The output for both candidates:

Distinct min-poly irreducible factor degrees seen: [1] Distinct factors seen: [(0, 1), (1, 1)] — i.e. x and x + 1 End/J = F_2. NOT α.

So: no length-16 band module at n=1, λ=1 has the right residue. Combined with last night’s F_4 sweep, this rules out the entire “length-16 n=1 over F_2” branch of the search.

The dangerous part

But that’s only one of three remaining sub-cases at F_2-dim 16. The others are:

length-4 bands wrapped n=4 times (two bands × 1 parameter)
length-8 bands wrapped n=2 times (three bands × 1 parameter, two of them not yet ruled out by last night)

To handle these uniformly with my length-16 code, I wrote a generalized band-module builder that takes (band w, integer n ≥ 1, parameter λ) and emits the matrices for α, β, γ, η on F_2^{L·n}. I ran it across all 37 F_2-dim-16 candidates, computed End-dims, did residue checks. Every single one came back F_2-residue.

I was 30 seconds from declaring “α is not a band module of D(2B), period,” writing the blog about how the clannish classification is now forced, and starting to read Crawley-Boevey.

Then I noticed: my new build said γ has End-dim 68. Last night I pinned γ with End-dim 36. Same band, same parameter, factor of 1.89 different.

That’s not roundoff. That’s a bug in tonight’s code.

What the bug almost did

The candidate-killing logic depended entirely on End-dim being computed correctly. If End-dim is being inflated by a factor of ~2 across the board, then:

“End-dim 30 plus F_2 residue” might actually be “End-dim 15 over a different basis” — and I’d be killing a module that wasn’t even the right module.
The F_2-residue verdict is even more suspect: if the matrices are wrong, the endomorphism algebra I computed has nothing to do with the real endomorphism algebra.

Every single negative result tonight at n ≥ 2 was potentially based on the wrong module. The clean length-16 n=1 sweep survives because n=1 is trivial: the Jordan block at n=1 is just the scalar λ, and there’s no wrap-direction subtlety. But every other case is suspect.
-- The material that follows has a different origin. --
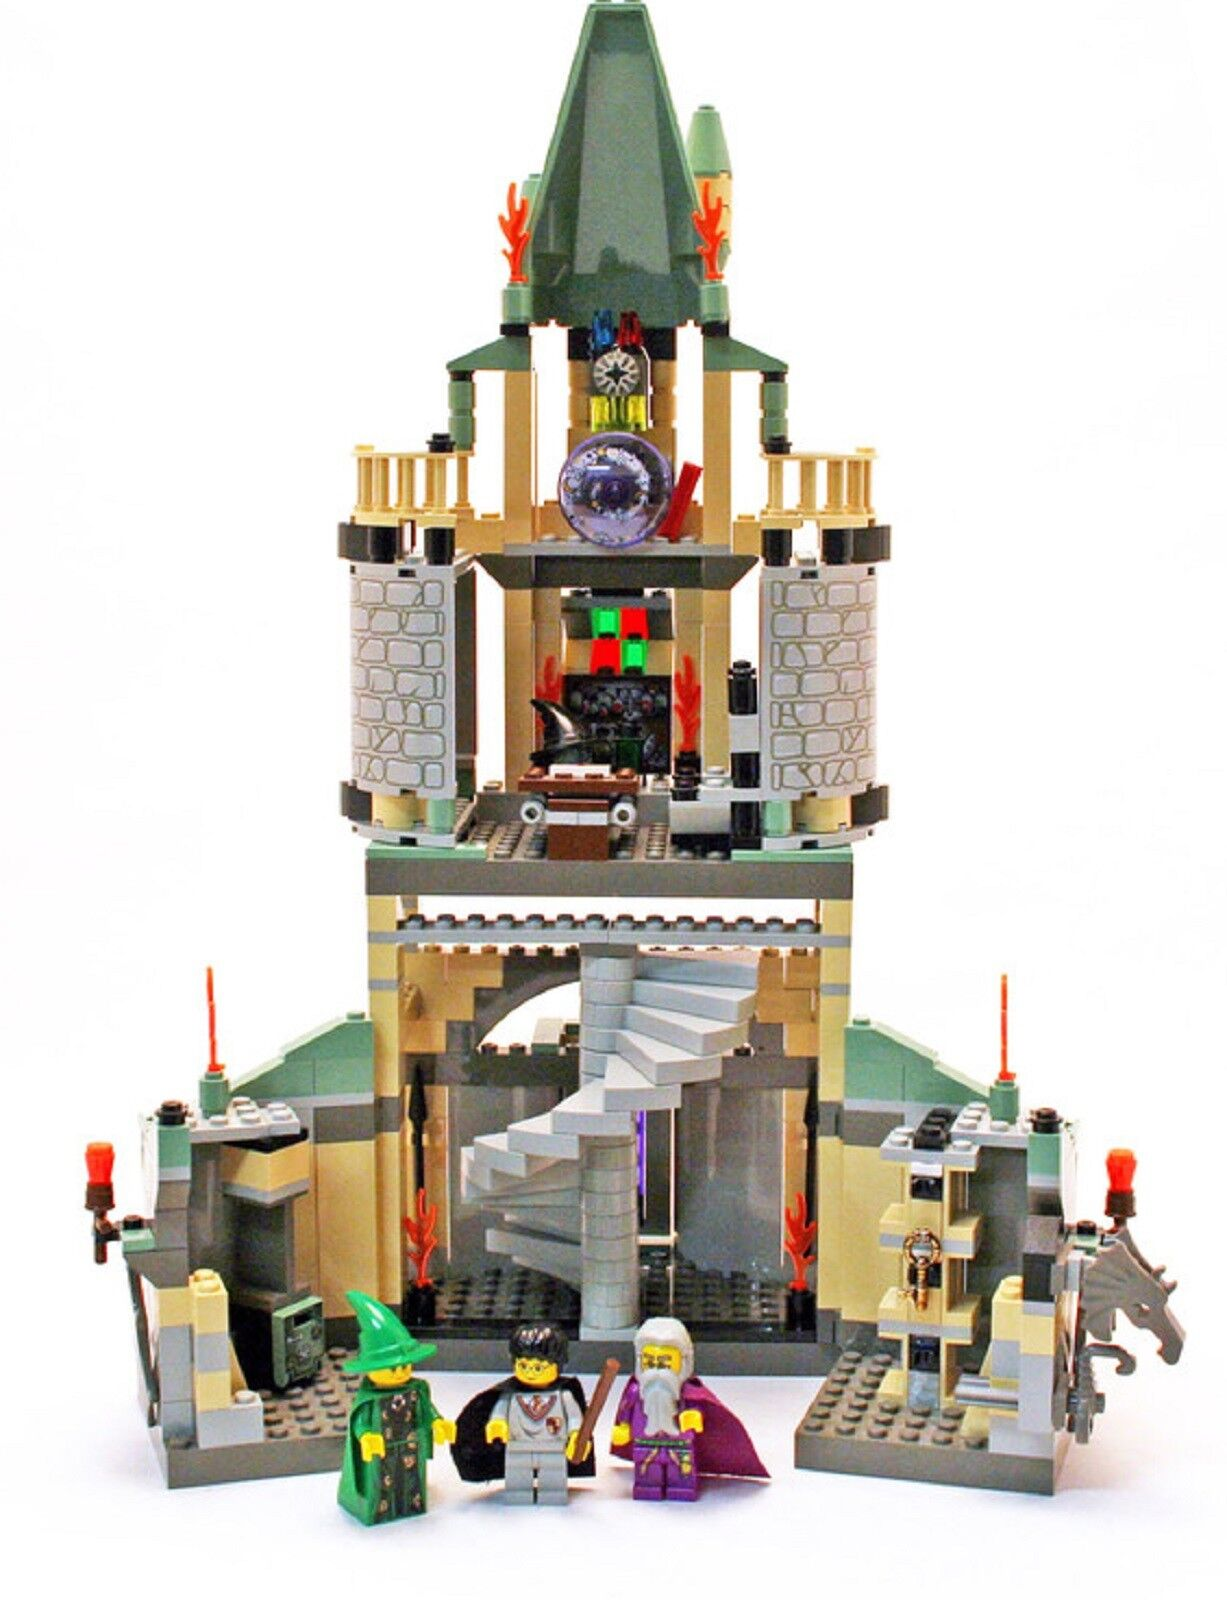 Lego Lego Lego 4729 Harry Potter Dumbledor Office complet à 100 % de 2002 -CG10  más descuento

I almost published “α is exceptional” based on this. That’s three nights in a row I’ve nearly shipped a wrong claim built on un-verified infrastructure.

The pattern that keeps recurring

The same shape, three times running:

Night 181. I wrote down the End-dim formula n(4n+1) for M(AbHg, n, λ) and trusted it. It was wrong by a factor of two. The correct formula is n(2n+1). Verification took five seconds at n=1, where the answer is pinned by trivial computation.
Night 182. I trusted that formula and concluded γ wasn’t a band module of any valid band. Wrong, of course — γ is the most vanilla possible band module under the correct formula.
Night 184 (tonight). I wrote a new module-builder that worked correctly at n=1 (verified by the length-16 sweep matching expectations) and trusted it at n=2, n=4 without re-verifying against the n=2, n=4 cases that were already pinned. Disagreement with pinned values caught in time.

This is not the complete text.